Insult to injury then occurred when one of the Brazilian surfers witness to the whole debacle calmly asks me “why don’t you use the moto with the surf rack on it?” And there it was, around the corner, the moto with the surf rack on it, generally available for anyone to use. Doooh!! So ya, lesson learned: always ask for, or rent, the standard surf rig in Indo: motorbike with surf board rack. Got it.

So Cimaja. Kind of a strange layout. You wouldn’t know you’ve arrived, unless you have it loaded on your google maps phone app, and the little blue dot tells you you’re there. In fact, I rode right past my accom, The Chill House – the low-budg surfer option, great people, fun times – on the first past. Everything, other than the wave, is nowhere near the water. From what I can tell, surfers don’t seem to care, as long as the wave is good, and you can feasibly get to it somehow. The 5-mins walk down the trail from the road qualifies obviously. Unfortunately though, it’s a tad disappointing to not be living on the water.
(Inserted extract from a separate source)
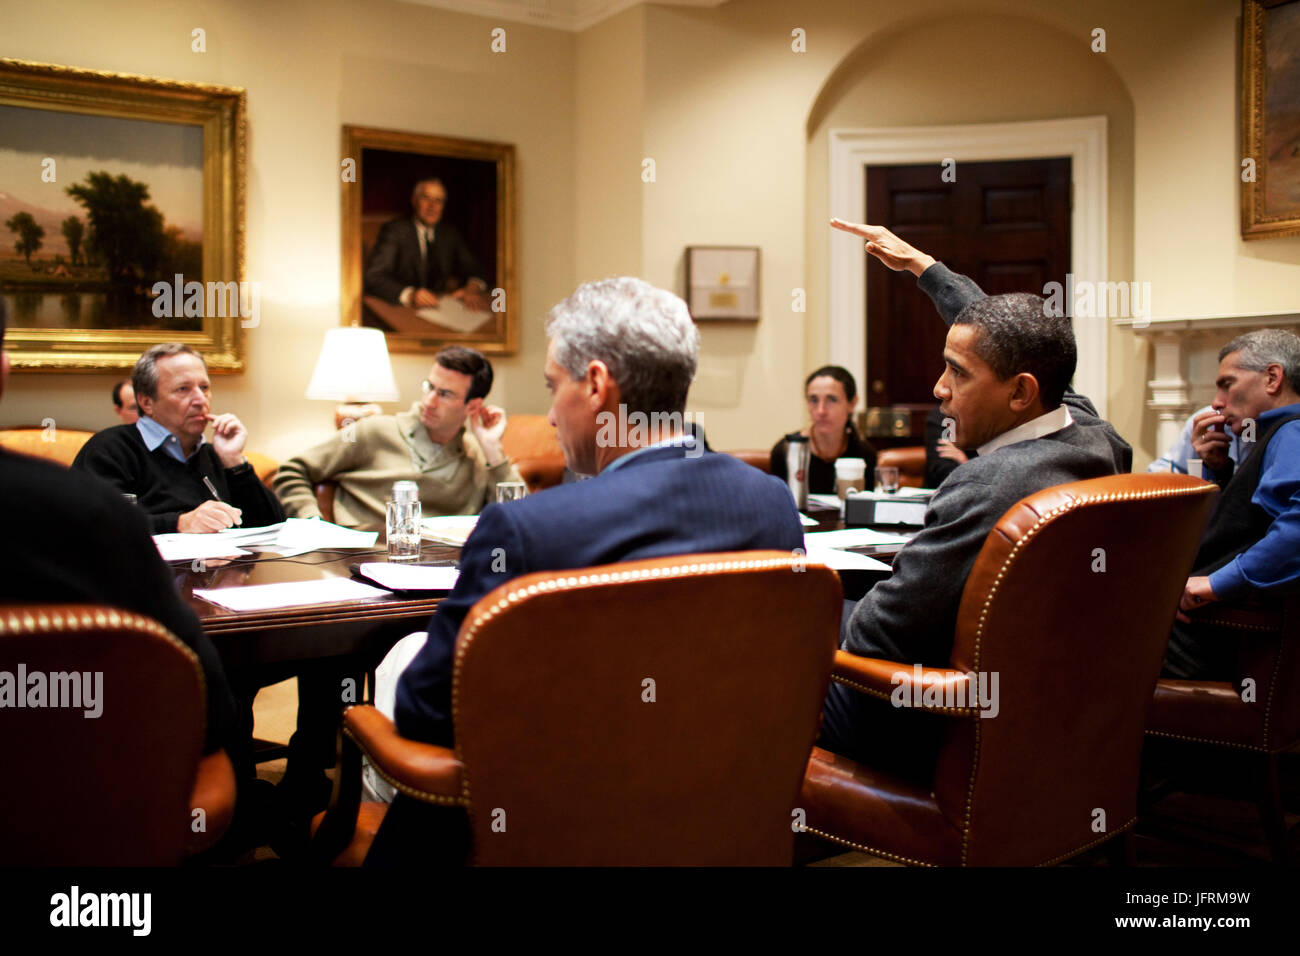 Le président Barack Obama rencontre les conseillers économiques du budget 2010 lors d'une réunion dans la Roosevelt Room. 1/24/09 Photo Officiel de la Maison Blanche par Pete Souza Banque D'Images

Not to worry though. As mostly a recon mission, the area has now been thoroughly scoped out, and the perfect beach bungalows with beer and comfortable chairs (which are shockingly rare here in this land of 90-degree straight-back wooden chairs) has been located down the coast, and complete with beginner beach break. Now all we need is Amy, and another long weekend! No doubt, the topic of a future post. See you then.